一种可扩展标记语言XML文档的压缩、解压方法和装置,该压缩方法包括:从原始的可扩展标记语言XML文档中读取文档参数(101);将所述文档参数映射为映射码(102);将所述映射码替换所述文档参数,获得压缩的可扩展标记语言XML文档(103)。由于文档参数很多情况下存在重复,因此,替换之后可以大大减少XML文档存储的数据量,提高了压缩效率,并且,映射操作简单,减少了压缩的耗时。

Description

一种可扩展标记语言XML文档的压缩、解压方法和装置 技术领域
本申请涉及计算机处理的技术领域,特别是涉及一种可扩展标记语言XML文档的压缩方法、一种可扩展标记语言XML文档的解压方法、一种可扩展标记语言XML文档的压缩装置和一种可扩展标记语言XML文档的解压装置。
背景技术
XML(Extensible Markup Language,可扩展标记语言)文档可以对数据进行结构化处理,从而能够在部门、客户和供应商之间进行交换,实现动态内容生成,企业集成和应用开发。
XML文档可以使用户能够更准确的搜索,更方便的传送应用组件,更好的描述一些事物,如电子商务交易等。
为方便传输或存储,通常对XML文档进行压缩。
由于XML文档是一个文本文档,通常压缩文本文档的方法主要是GZIP压缩,GZIP对于需要压缩的文档,首先使用LZ77算法的一个变种进行压缩,对得到的结果再使用Huffman编码的方法进行压缩。
可见,GZIP压缩是一个通用的文本压缩方法,因此普遍性高,也就是任意一个文本文档都可以使用GZIP压缩,但是,这种压缩方法压缩操作复杂,耗时较高,应用在XML文档压缩时,压缩后的XML文档的体积依然较大,压缩效率较低。
由于XML文档的体积较大,因此,在传输或存储压缩后的XML文档时,会消耗较大的带宽或占用较多的存储空间。
在解压缩时,需要对Huffman编码和LZ77算法进行反向解压缩,解压操作复杂,耗时也较高。
发明内容
鉴于上述问题,提出了本申请实施例以便提供一种克服上述问题或者至 少部分地解决上述问题的一种针对可扩展标记语言XML文档的压缩方法、一种针对可扩展标记语言XML文档的解压方法和相应的一种针对可扩展标记语言XML文档的压缩装置、一种针对可扩展标记语言XML文档的解压装置。

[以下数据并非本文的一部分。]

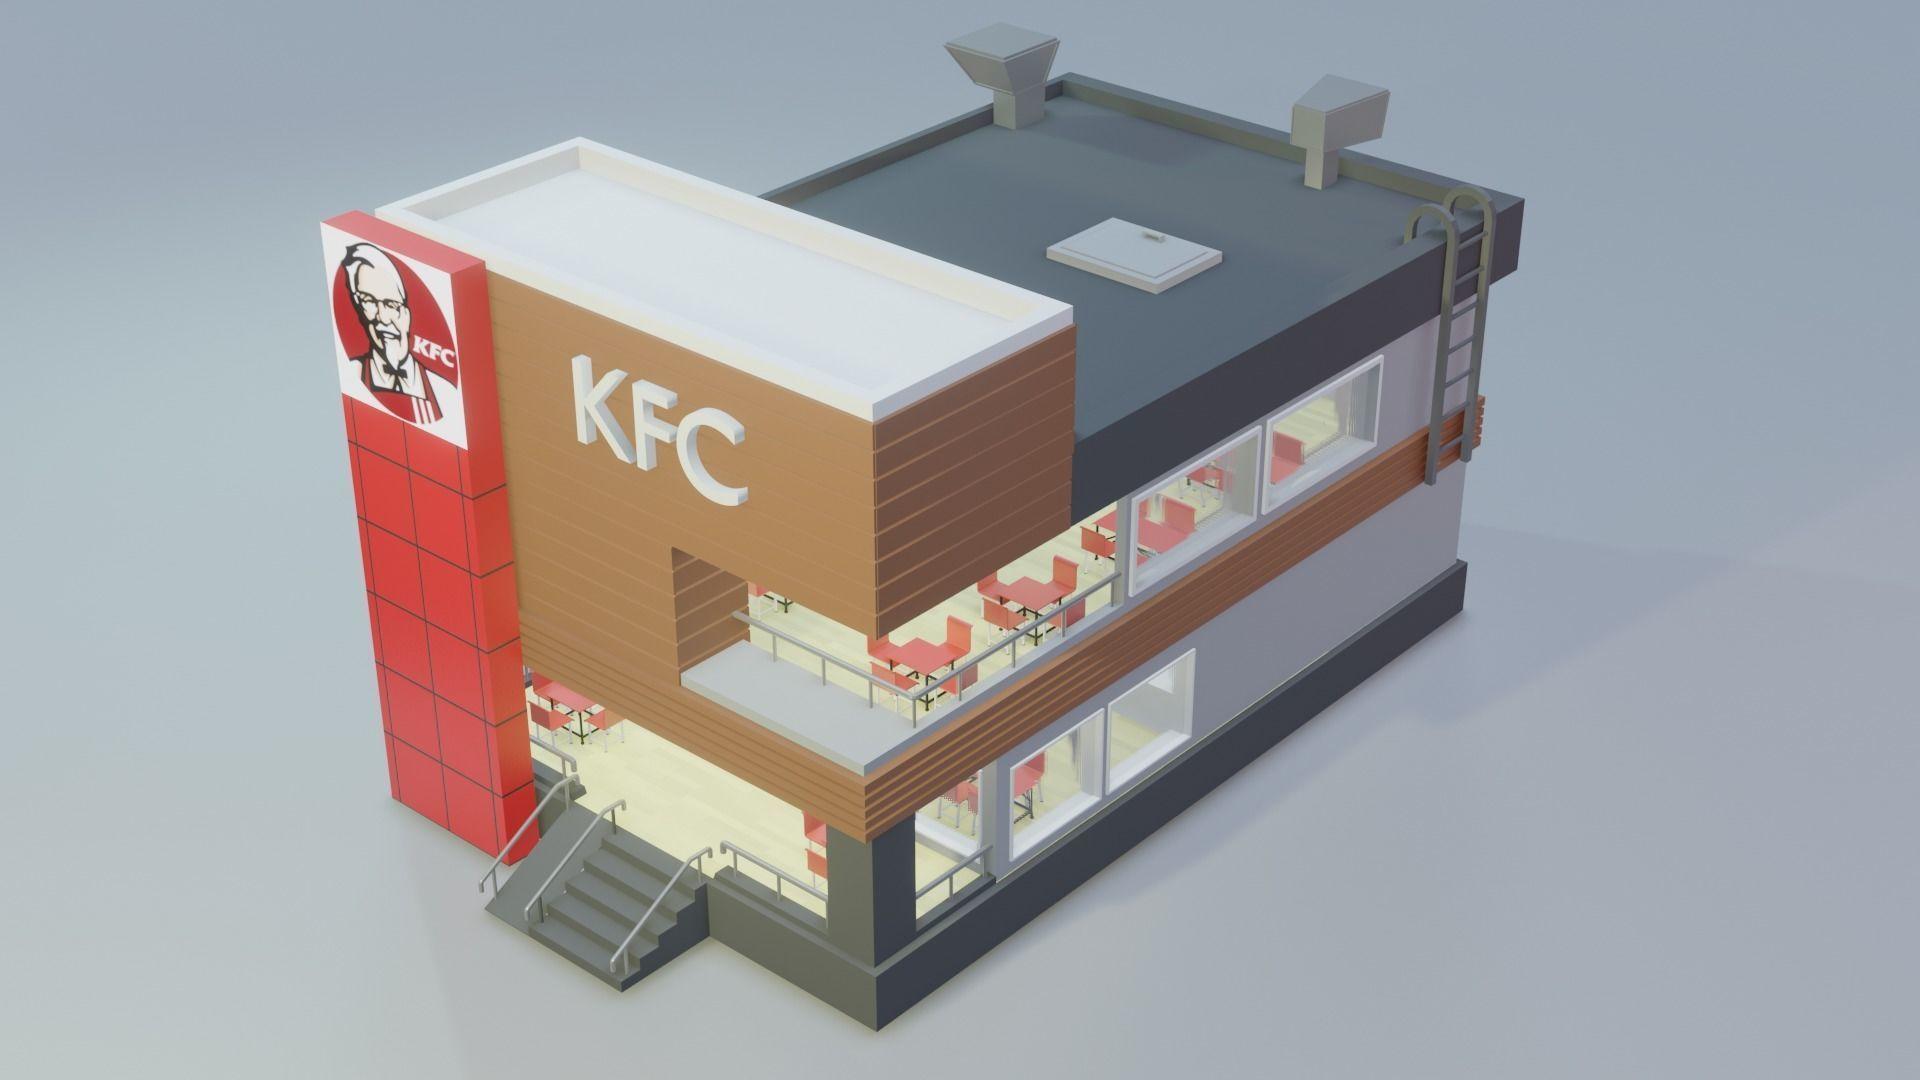 KFC - Low Poly

为了解决上述问题,本申请实施例公开了一种可扩展标记语言XML文档的压缩方法,包括:
从原始的可扩展标记语言XML文档中读取文档参数;
将所述文档参数映射为映射码;
将所述映射码替换所述文档参数,获得压缩的可扩展标记语言XML文档。
可选地,还包括:
将所述文档参数与所述映射码之间的映射关系嵌入所述可扩展标记语言XML文档中。
可选地,还包括:
传输和/或存储压缩的可扩展标记语言XML文档。
可选地,所述文档参数包括元素和/或属性。
可选地,所述将所述文档参数映射为映射码的步骤包括:
对所述文档参数进行去重处理;
将去重处理之后的文档参数映射为唯一的映射码,所述映射码的字符串长度小于或等于所述文档参数的字符串长度。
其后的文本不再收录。